Mammon category archive
Robert Reich explains “The Trump Doctrine.”
Hint: It’s all about the Benjamins.
The Florida legislature works on new plans to convert the public good to private
One of my local convenience stores features, GSTV, a vile and loathsome creation that yabbers commercials at you while you fill your gas tank. (Why they think that making persons angry is a productive sales technique mystifies me.)
At the Milwaukee Journal-Sentinel, Glenn Harlan Reynolds offers his take on the soundwall of advertising that is consuming our attention. An excerpt:
He’s not talking about TV commercials, which pay for the show that you’re watching. He’s talking about ads that seize your attention while giving you nothing in return. He has a special dislike of gas station TV, in which saccharine fake newscasts appear on the pump while you fill your car, tethered by a short length of hose. But that’s not all, Wu writes: “In that genre are things like the new, targeted advertising screens found in hospital waiting rooms (broadcasting things like The Newborn Channel for expecting parents); the airlines that play full-volume advertising from a screen right in front of your face; the advertising screens in office elevators; or that universally unloved invention known as ‘Taxi TV.’ These are just few examples in what is a growing category. Combined, they threaten to make us live life in a screen-lined cocoon.”
I was recently subjected to one of those target medical “channels” when I picked up a friend from a doctor’s office. Ugh.
I chose to wait outside and look at my own screen–and at the trees, the flowers, the sky, and the near-misses on the adjacent street.
The Guardian considers the ongoing (mis)management melodrama at Uber following the recent departure of the
flack PR specialist who was supposed to fix it. A snippet (emphasis added):
Whetstone’s exit is just the latest in a string of several senior departures from the embattled company in recent weeks which include Uber’s second in command Jeff Jones, who left the company over what he described as disagreements with leadership.
But Whetstone’s job was arguably the most challenging of them all: public relations and policy for one of the most scandal-hit companies in America.
“I think basically you have a Donald Trump-like situation at Uber,” said crisis management specialist Jonathan Bernstein. “It doesn’t matter what his communicators say, ultimately it’s about what Travis Kalanick says.

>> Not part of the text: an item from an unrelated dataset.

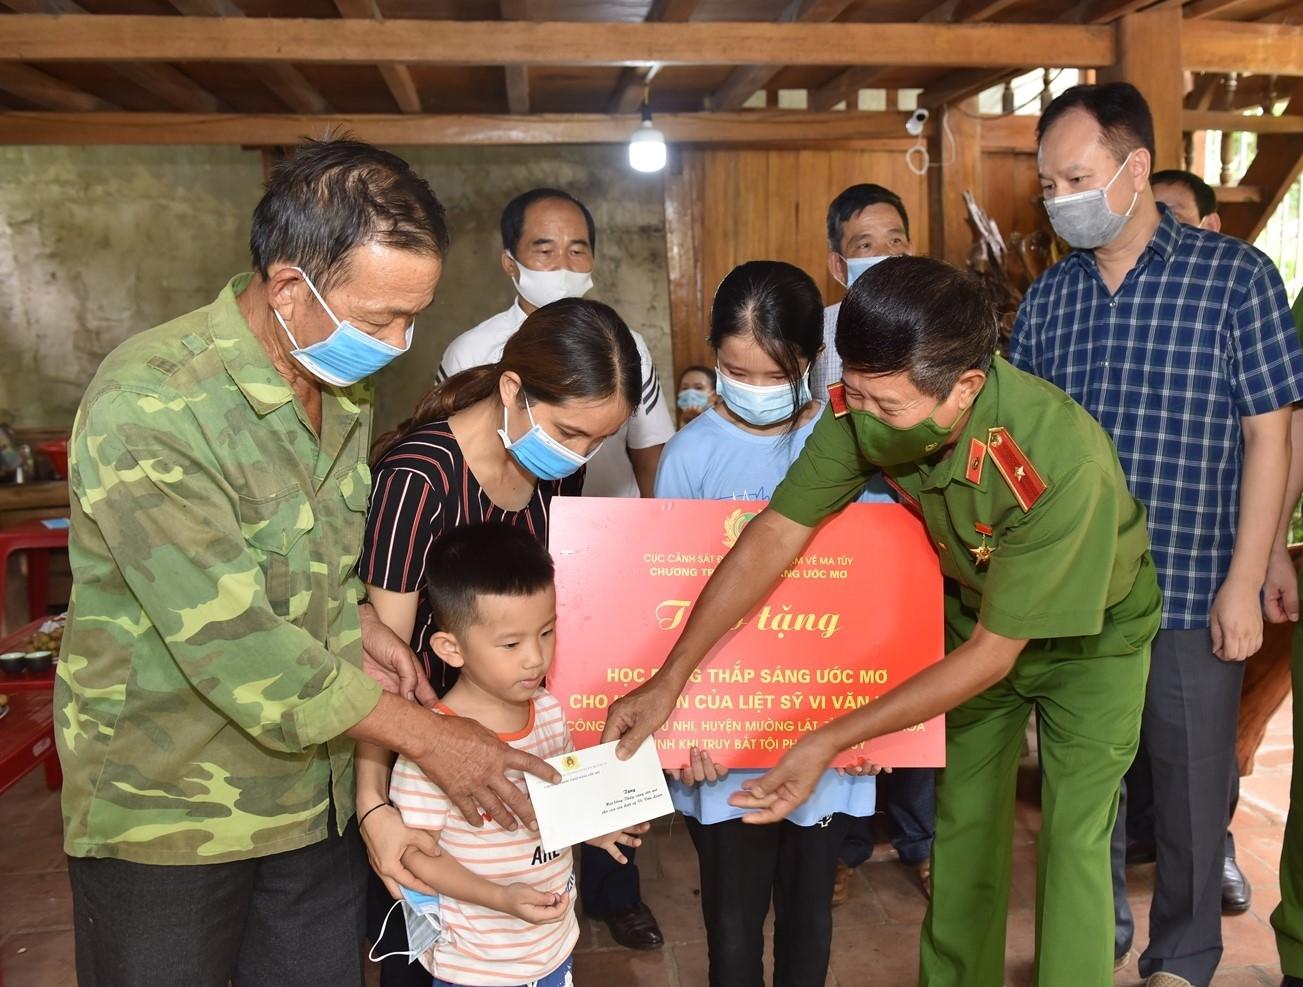 """Đoàn công tác trao tặng học bổng """"Thắp sáng ước mơ"""" cho 2 con của liệt sỹ Vi Văn Luân"""

It’s like the problem Sean Spicer has – no matter how much he tries to spin, his boss is going to say something on Twitter he doesn’t know about and he ends up looking like an idiot.”
Pap and his guest discuss how Big Pharma designs diseases in order to deal drugs.
If you watch American television in the early evening, you can see scores of commercials that illustrate this, as aging actors perform numerous outdoor activities in front of the green screen.
News of the vapid:
The Navy is banning electronic cigarettes and vaporizers from its aircraft, ships and submarines after receiving multiple reports of the devices’ batteries exploding, catching fire and injuring sailors, it announced Friday.
The malfunctioning devices have forced at least one aircraft to land, started fires on ships and left sailors with second-degree burns . The injuries have occurred when the devices were being used, charged or replaced, or when they came into inadvertent contact with metal objects, according to the Navy.
The story goes on to point out that the “Vaping” business association, which is not called “Nicotine Addiction Pays Big Bucks,” is protesting.
Thom discusses the larger issues highlighted by United Airlines decision to beat the bejesus out of one of its customers and persuasively links them to Reaganomics.
This is . . . police violence as a dimension of a business plan.
Thom points out that the “rule” United Airlines cited to justify beating the bejesus out of one of their customers does not exist. “Deny boarding” is not the same thing as “removal from the plane.”
Meanwhile, Michael Hiltzik dissects United’s excuses. Here’s a bit from his piece:
United CEO Oscar Munoz then made things worse with a statement of Orwellian doublespeak. “This is an upsetting event to all of us here at United,” he said. “I apologize for having to re-accommodate these customers,” whatever that means.
But Munoz, whose version of the episode appears to come from the playbook of how to dig oneself into an ever deeper hole, also undermined the argument that the flight was overbooked. He related that “after the flight was fully boarded,” gate agents “were approached by crewmembers that were told they needed to board the flight.” The implication is that the crew members heading to Louisville were late in arriving, that every passenger held a paid ticket and had been properly boarded, and that only belatedly did United decide to pull passengers off the plane to make room for the crew.
Video via SeattlePI.
Lee Camp tees off on that recent Pepsi ad. (Warning: Language, and lots of it.)
At Psychology Today Blogs, Pamela D. Rutledge has a less profane take. A snippet:
For Pepsi, however, this has been a significant fail. Rather than pushing the edge of pop culture to show themselves youthful and “with it,” they have potentially alienated a younger generation known for having high levels of social concern.